If you're struggling with the challenges that arise, all kinds, from the challenges of parenting and broken families, we'd love to come along and support you and pray for you. You have a Heavenly Father who knows and cares, and siblings all around you. We're part of this family. If you struggle with that sense of belonging, we're here to remind each other of these truths. We do it every week, singing, praying, loving. This is what God has given, and he's not just left us here alone. He will return one day. In our families, we celebrate adoption day. God made me a Beekley day, and the Lord's granted us three. All those days, special days, we're in the courthouse.
It's amazing thing at that point, you're there, and you realize that the ones most affected by this moment and the decisions, they don't even have a voice in the matter, and they don't always understand what's going on.
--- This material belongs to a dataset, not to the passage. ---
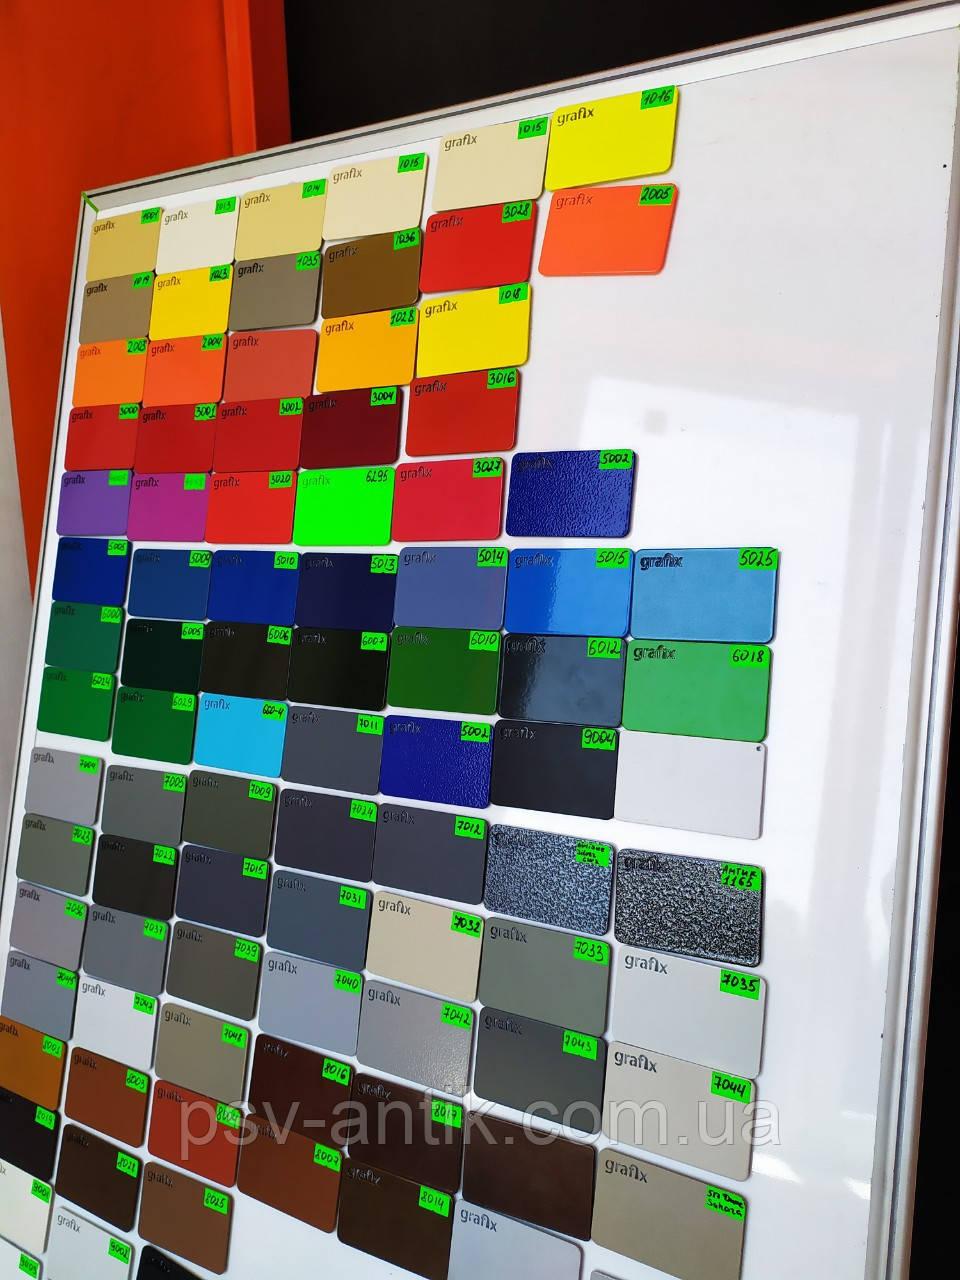 Порошковая краска глянцевая, полиэфирная, архитектурная, 9003
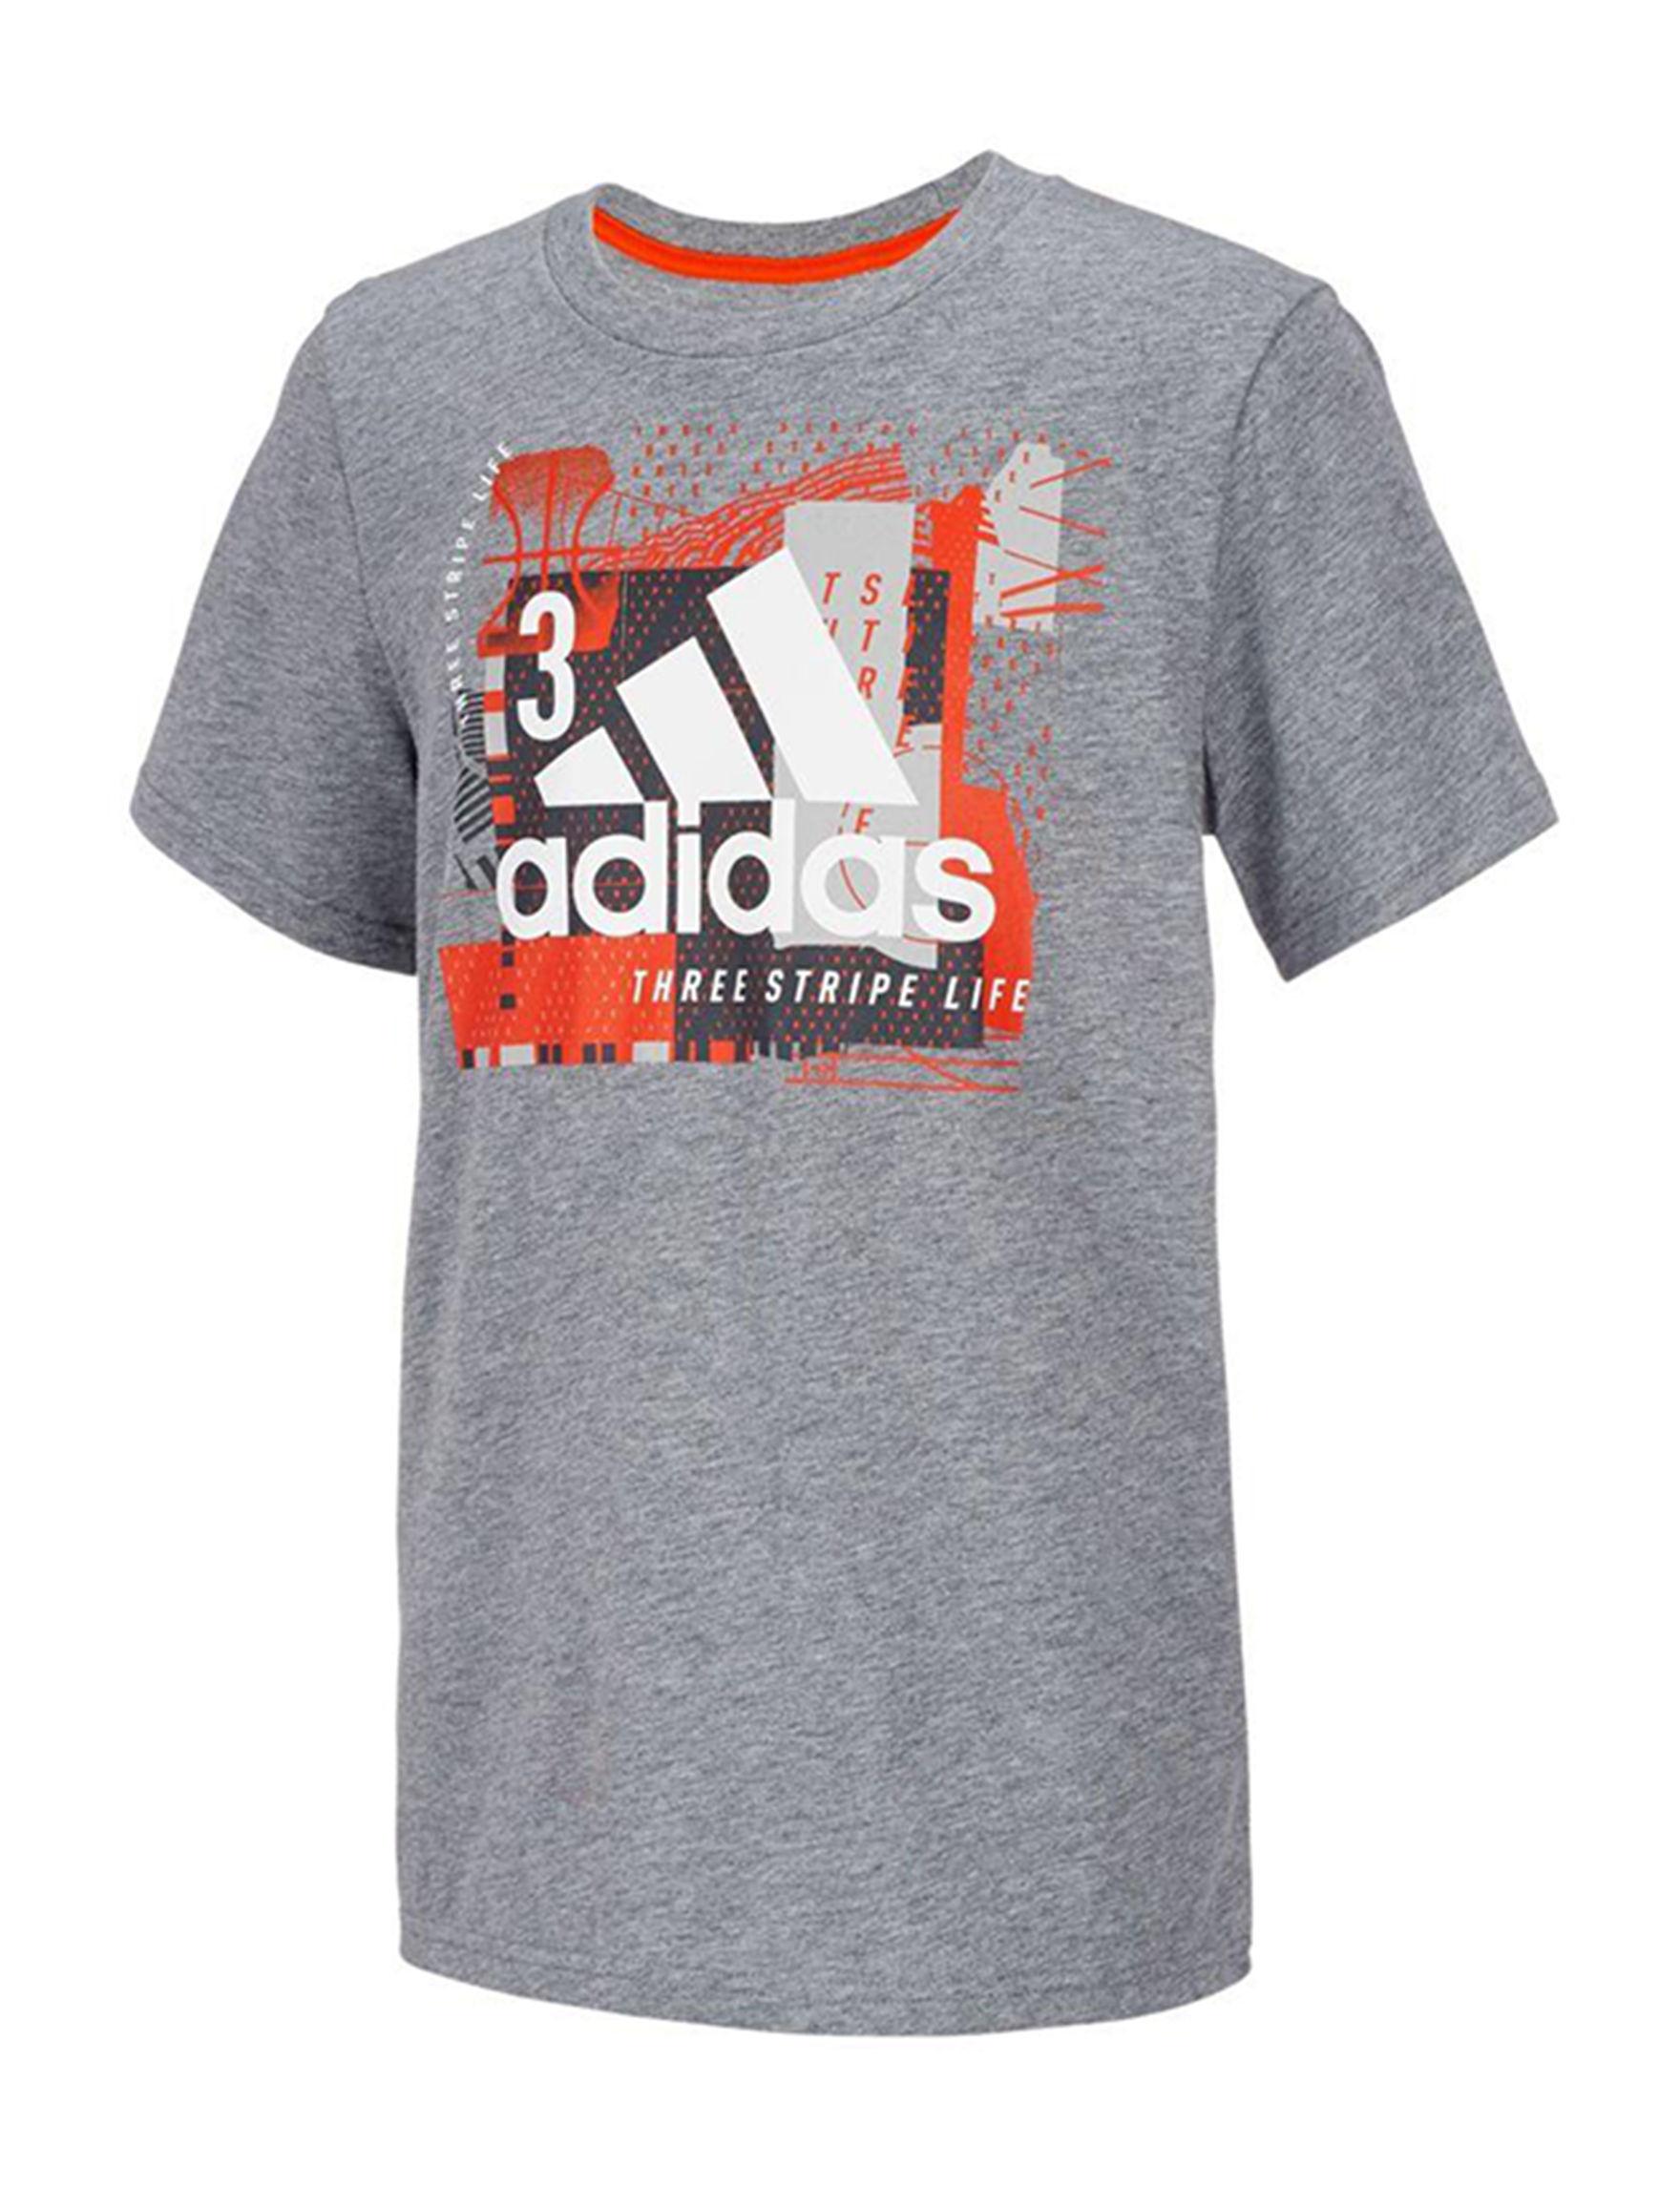 Adidas Dark Grey Tees & Tanks

But the reason why it's happening is so that they can have a voice. See, my daughter, she says to the judge when it's over, "I like your costume." And we go out to celebrate. We say, "How do you want to celebrate?" She says, "Let's get donuts." Donuts it is. There's a lot of legal technical jargon. The time doesn't mean very much. A lot of theological terms that we work through.
One day it will mean some things, but in the end, it's just belonging to your forever family. "I like your costume. Let's get some donuts." Every time my kids cry, they have my ears because they have my heart. Been in the ER, been in prompt care with each of them. Not perfect as a father, but they truly do have my ear because it's a reminder to me to not stop crying out to my Heavenly Father because I know I have his ear. And if you are in Christ by faith, so do you. We can share our hearts with him because he has given us his, not only for us, but to us. Lord, thank you that you're for us. Thank you that we can come to you as our Heavenly Father.
Thank you that you have compassion on us. You know our frame. You know all of our sin. You know all of our sufferings. You bore them in your body. Lord, there's different boxes in our lives that we're tempted to worry if they're checked. We wonder if you'll really accept us because of this physical challenge, this weakness, of this sin in our background, this kind of awkwardness, these kind of mental loops that we have, and we don't feel secure, and have we thought the right thing or done the right thing? And Lord, our belonging is actually out of our hands, and we thank you that it's in your secure, loving hands. You've accomplished it. Lord, help us to declare and anchor these truths into our hearts, even as we sing this morning.
In the name of your Son, Jesus, we say amen. Please stand.